Discussions World Cafe
After the keynotes, we had discussions on four themes; HR analytics, WE-nnovation, Smart HRM and Doing HR Management without HR.
HR analytics
Quote from the website: "Inspired by success stories of organizations generating up to $100 million in savings, while at the same time improving the engagement and productivity of employees, advanced HR analytics is becoming mainstream (McKinsey, 2015) and is increasingly considered to be an indispensable tool for HR (Boston Consulting Group, 2014). However, organizations are struggling to let HR Analytics become an organizational reality, where some even suggest that ‘HR and People Analytics’ represents one of the major capability gaps in today’s HR practice (Deloitte, 2015) and most organizations, even large multinationals, lack a clear vision of the future of HR Analytics within their company."
Interesting fact before the discussion: my group found that only a couple of (big) companies in the Netherlands actually do HR analytics (ABN Amro, Shell, Unilever, KLM?).
Main discussion points in workshop:
Which competences are needed for the HR analytics professional?
- Data analyst
- Business analyst
- Strategic HR
- You probably need a team rather than one person for this
Application
- The ultimate goal is to inform (strategic) business decisions.
- We need statistically sound analysis, but also speed and flexibility.
- We see specific HR analytics teams emerging but also enterprise analytics emerging. Will it be merged or will HR remain a specific function?
What drives acceptance among employees?
- Transparency, clearly communicated goals, etc..
- Can employees benefit, use the outcomes/benefits themselves instead of the higher management?
Technology
- Sensors, collect data (health etc.)
- Use data from outside the company
- How they’re developed?
- Developed by companies?
- Developed by tech firms?
WE-nnovation
Quote from the website: "More than a century ago companies were aiming for productivity and efficiency and had one best way of managing employees. Today, however, the most successful companies have shifted their focus towards innovation. Since 100 percent of all innovations come from people in organizations, at all levels, innovative HRM solutions deserve more attention."
Main discussion points in workshop:
What are the conditions for implementing employee driven innovation?
How can HR work beyond the boundaries of HR?
Smart HRM
The HRM field enters smart businesses with convergence of human, digital and high tech dimensions, and it needs to anticipate its own smart future. The foreseeable HRM future may see traditional HRM tasks to be further digitalized or even… robotized.
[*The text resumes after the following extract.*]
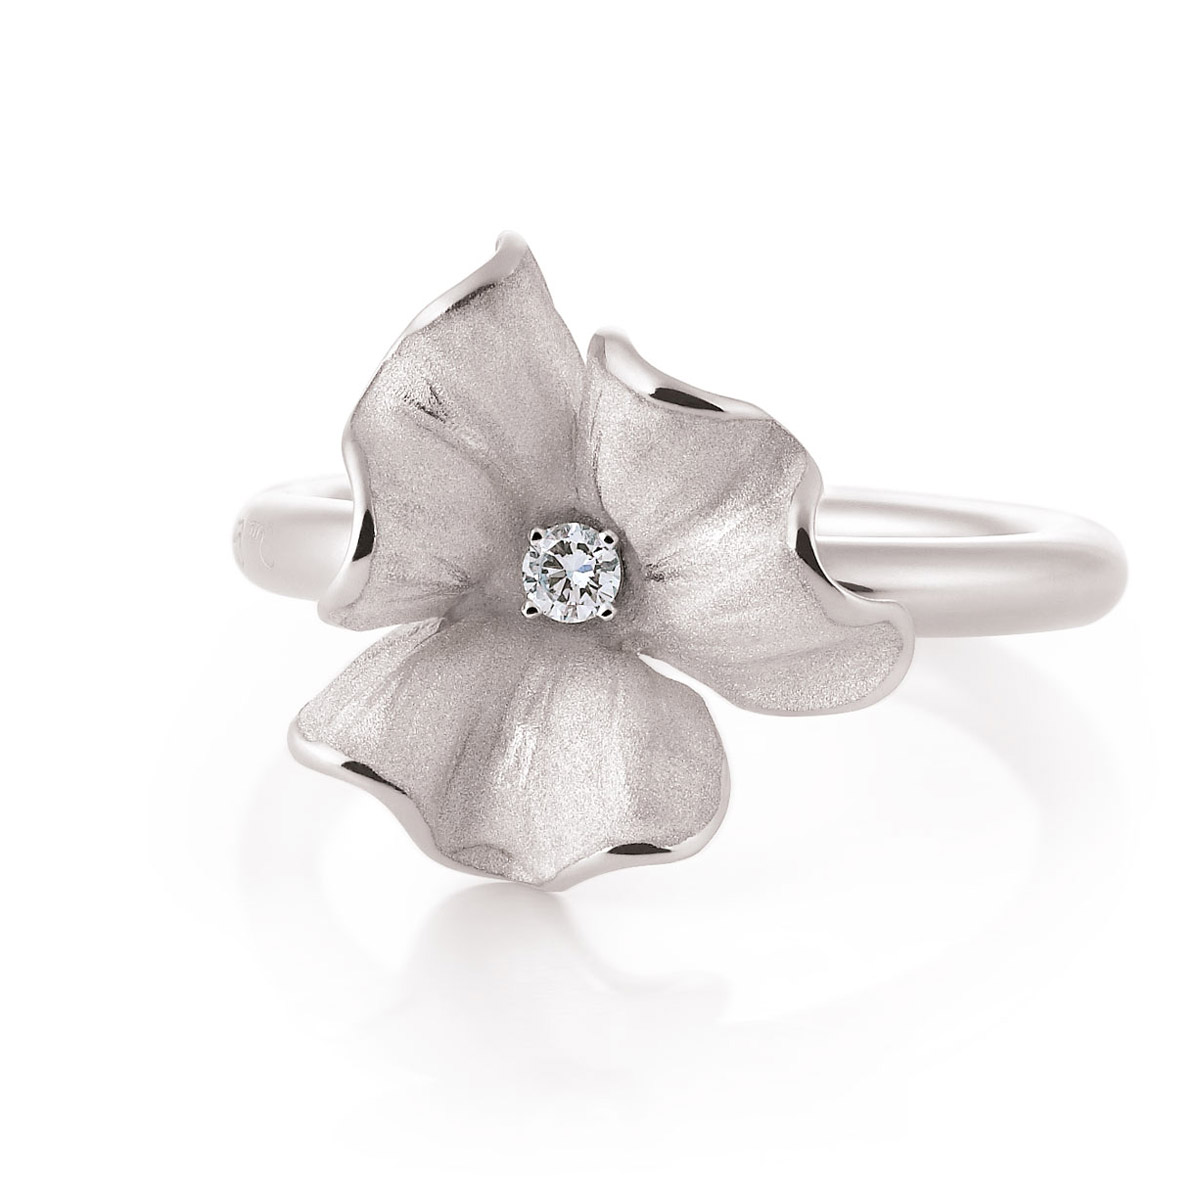 Annamaria Camilli Flower ring en oorbellen
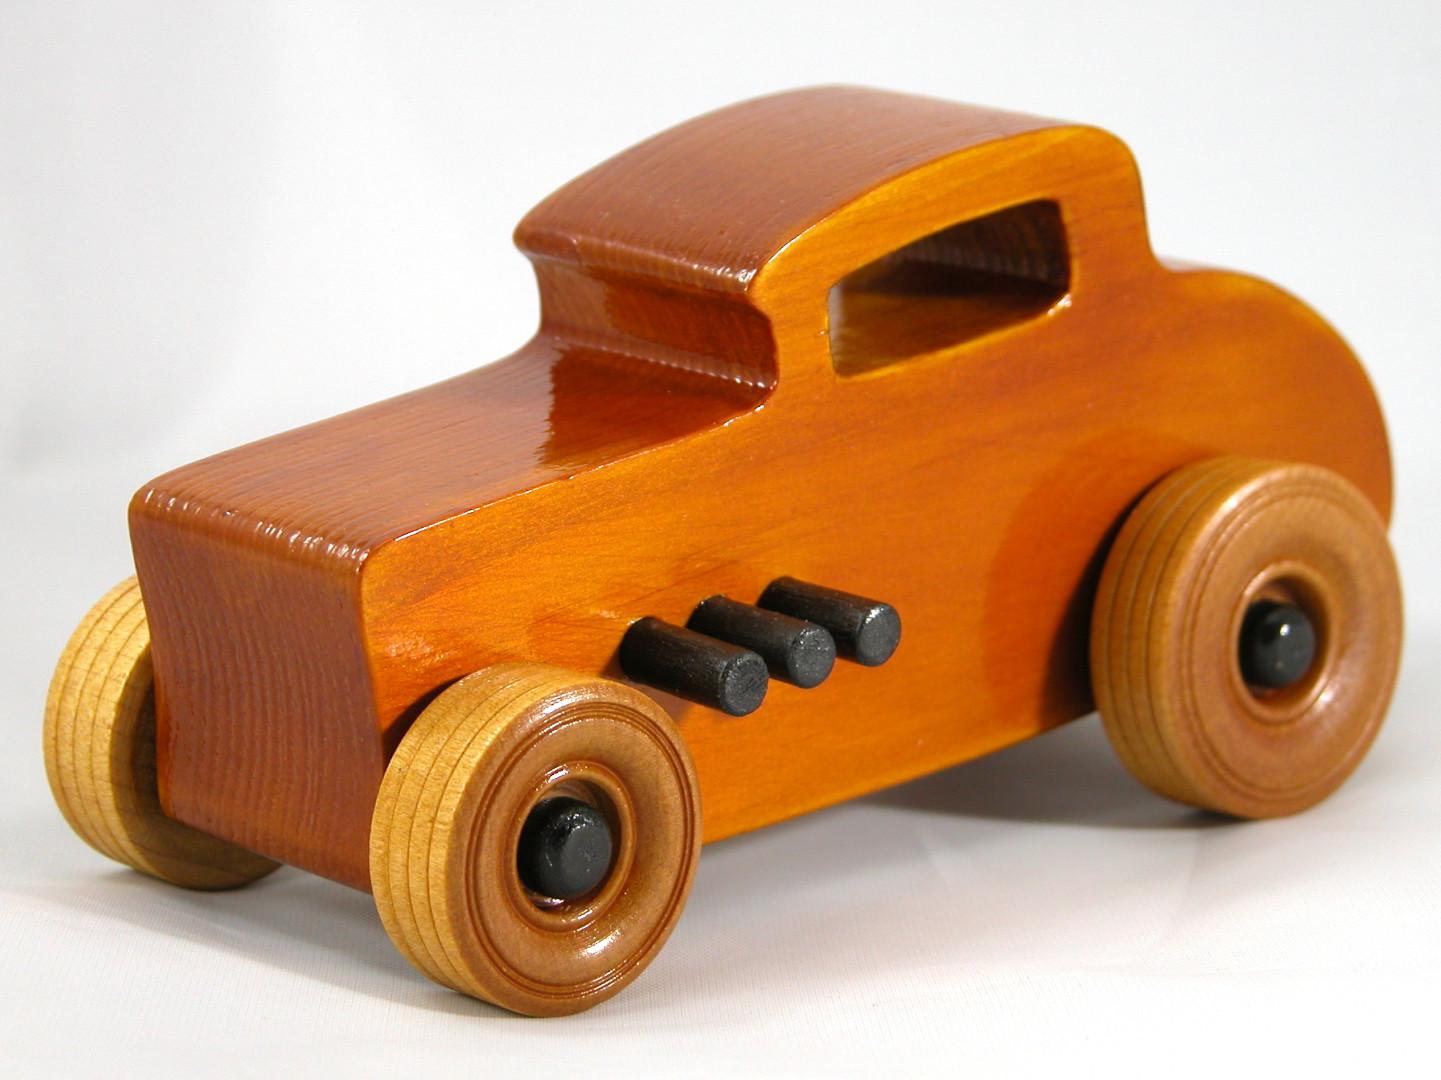 20171015-154533 Wood Toy Cars - Wooden Cars - Wood Toys - Wooden Car - Wood Toy Car - Hot Rod - 1932 Ford - 32 Deuce Coupe - Little Deuce Coupe - Roadster - Race Car.jpg

Main discussion points in workshop:
Digitisation
- As more is automated, what is a job in the future?
- Will we have less jobs?
- Rather than selecting someone for a job; someone manages the value creation process (a-z).
HR Analytics
- The term is a paradox?
- HR people like people not data/analytics
Doing HR management without HR?
Quote from the conference’s website: "Research suggests that traditional HRM activities are gradually moving away from HR advisors and HR managers: HRM responsibilities are devolved to line managers and supervisors, shared service centers anticipate to transition into transformational HRM service provision and organizations are planning to further digitize HRM services in the cloud or by installing mobile apps."